=== DATA FOR THE TASK ===

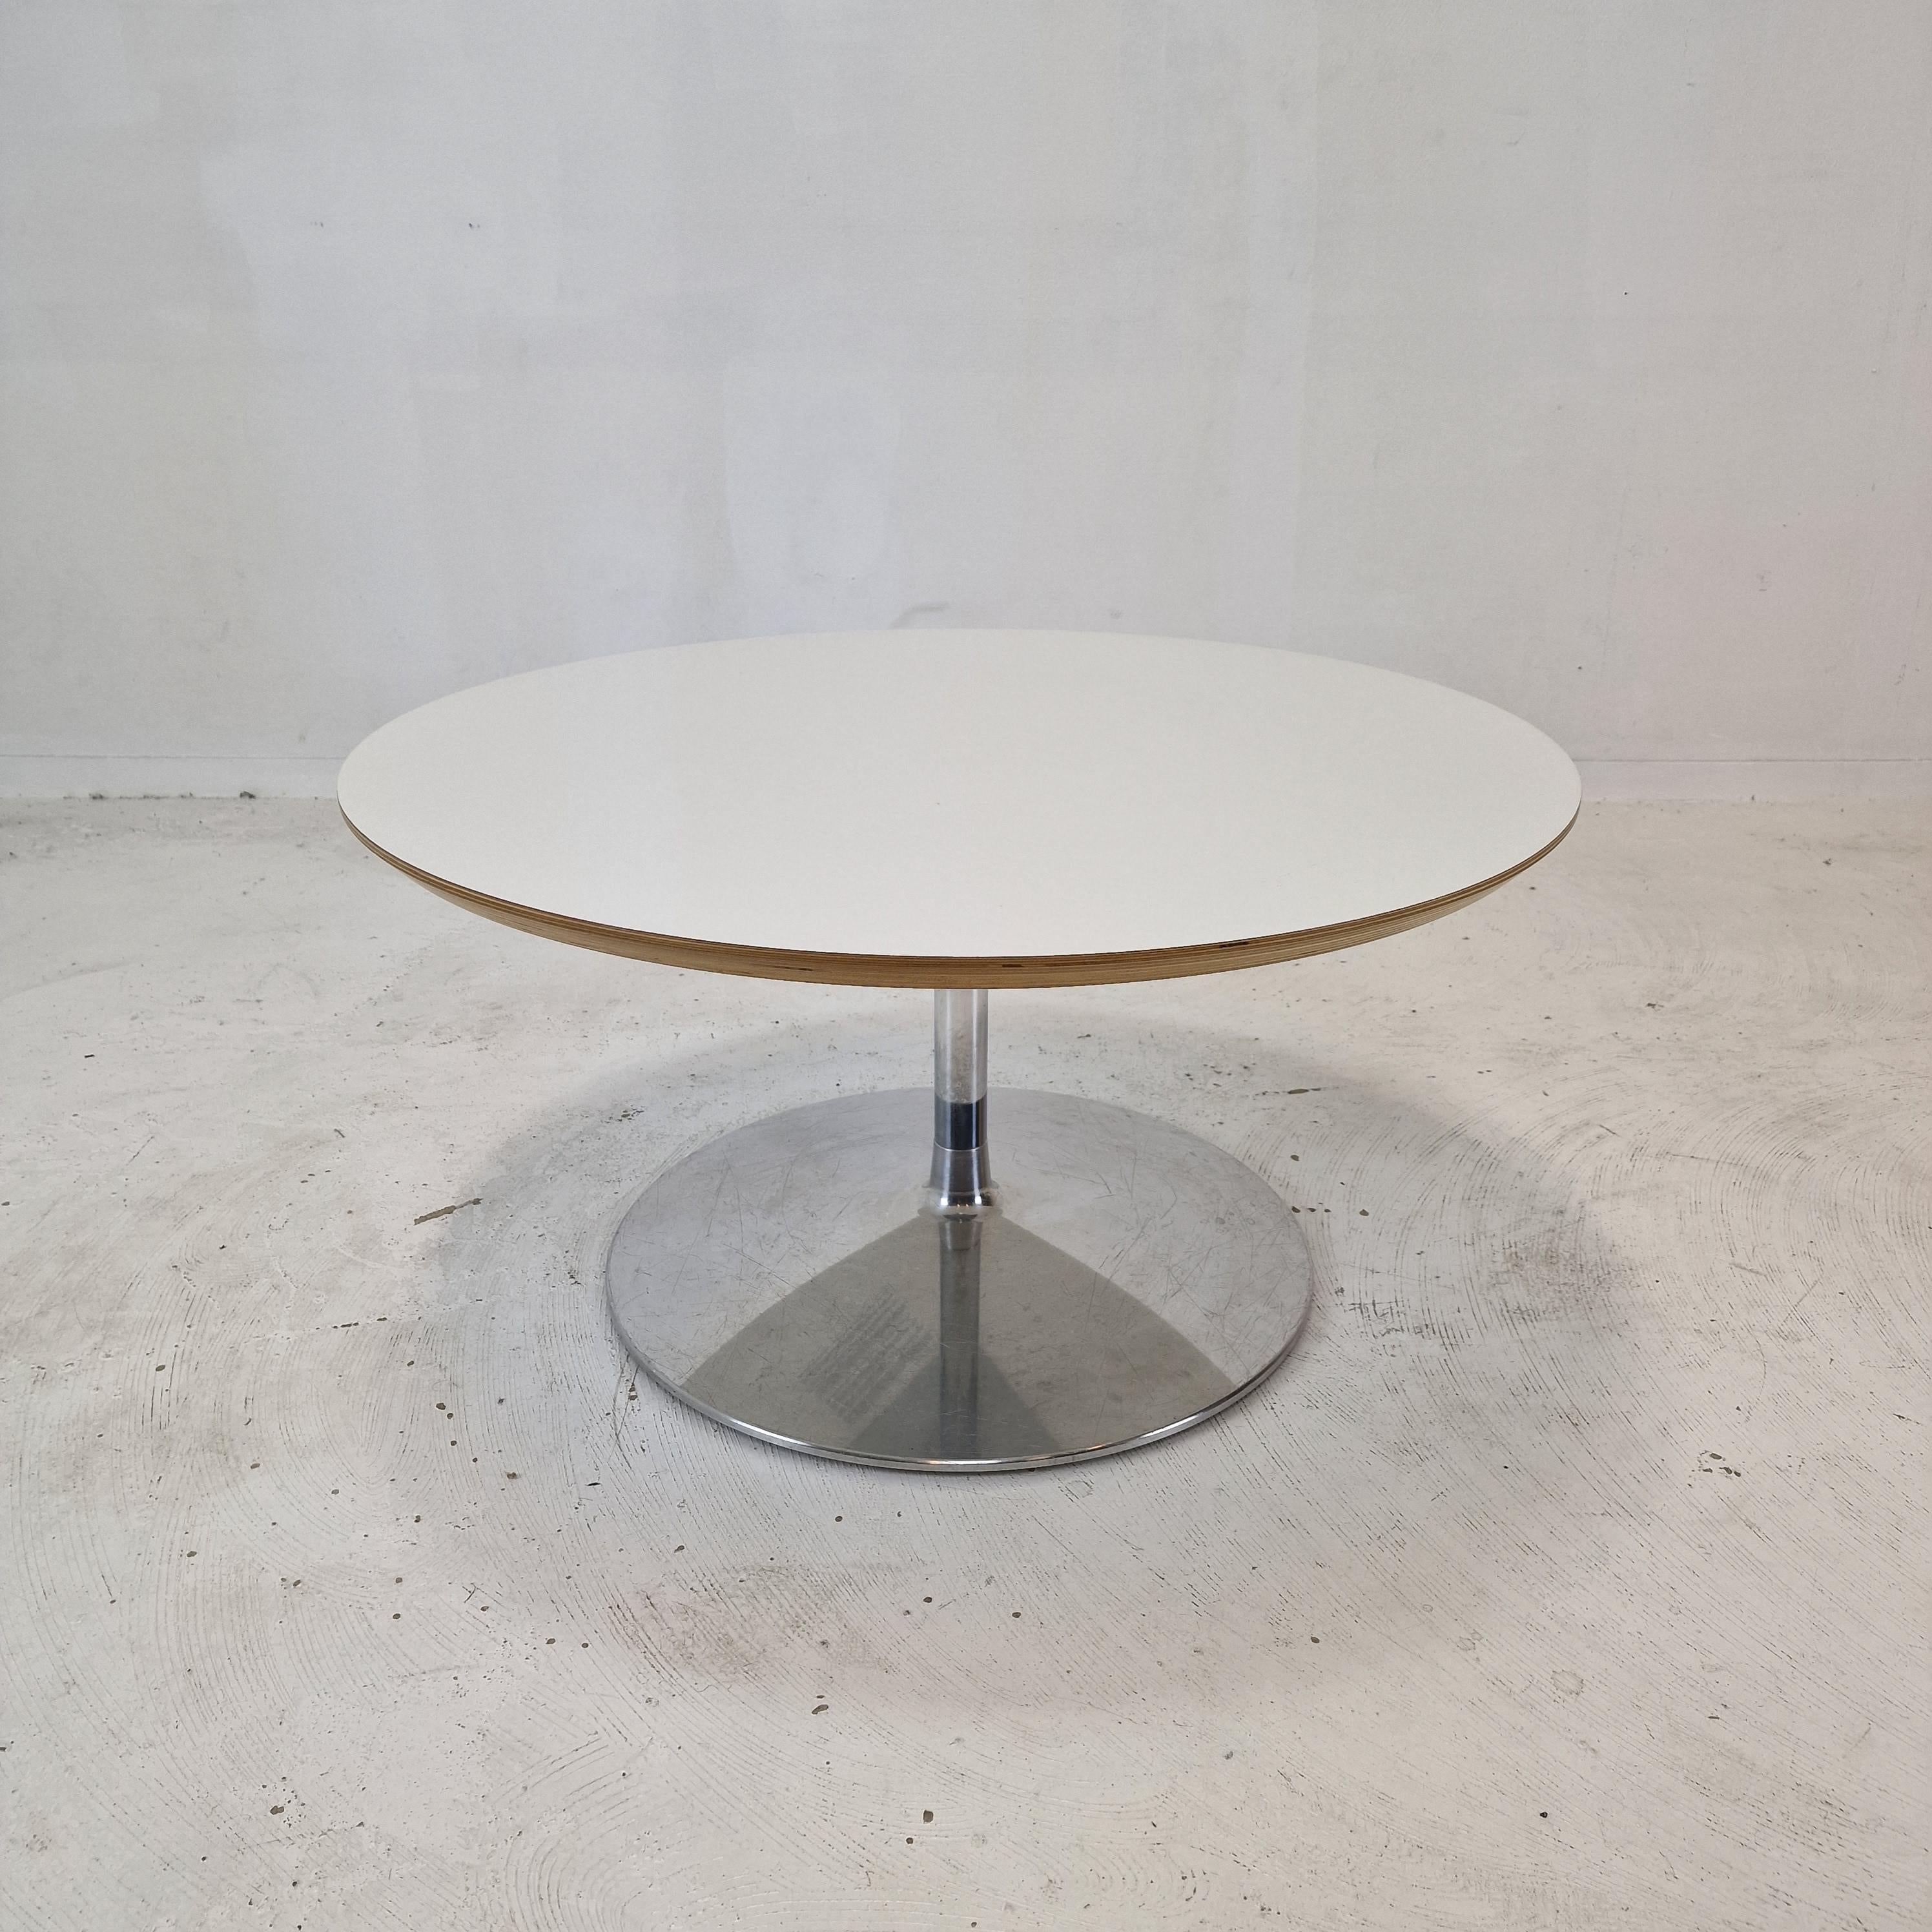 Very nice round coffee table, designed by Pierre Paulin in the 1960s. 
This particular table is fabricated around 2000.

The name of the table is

===
=== DATA FOR THE TASK ===

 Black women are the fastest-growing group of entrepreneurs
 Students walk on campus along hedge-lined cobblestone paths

===
=== DATA FOR THE TASK ===

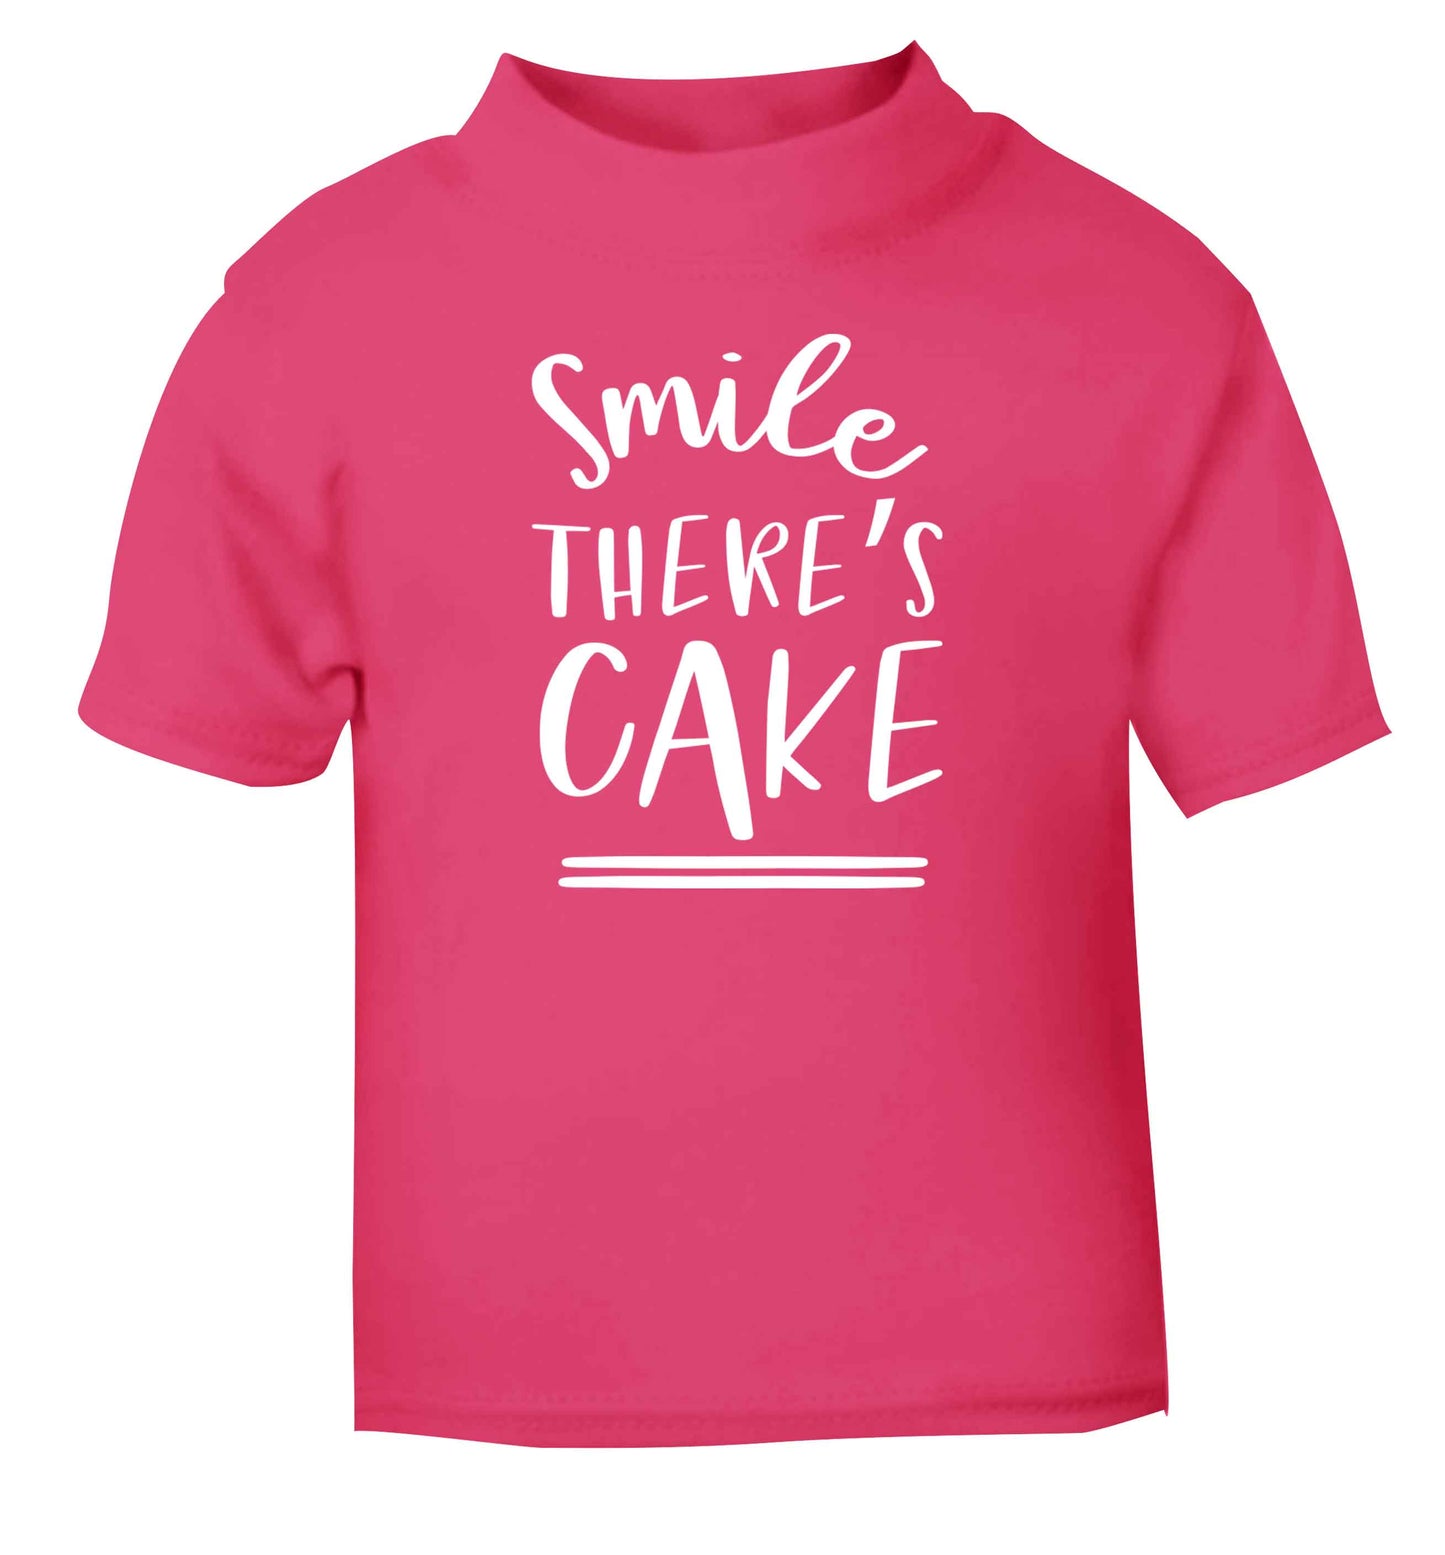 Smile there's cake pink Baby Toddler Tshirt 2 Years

===

§ **WORK REQUEST**: Transcribe, word for word, the stretch of lines in the data above from the one with "Very nice round" through the one with "The name of the table is"; omit all pictures.

§ **SOLUTION BELOW**:
 Very nice round coffee table, designed by Pierre Paulin in the 1960s. 
This particular table is fabricated around 2000.

The name of the table is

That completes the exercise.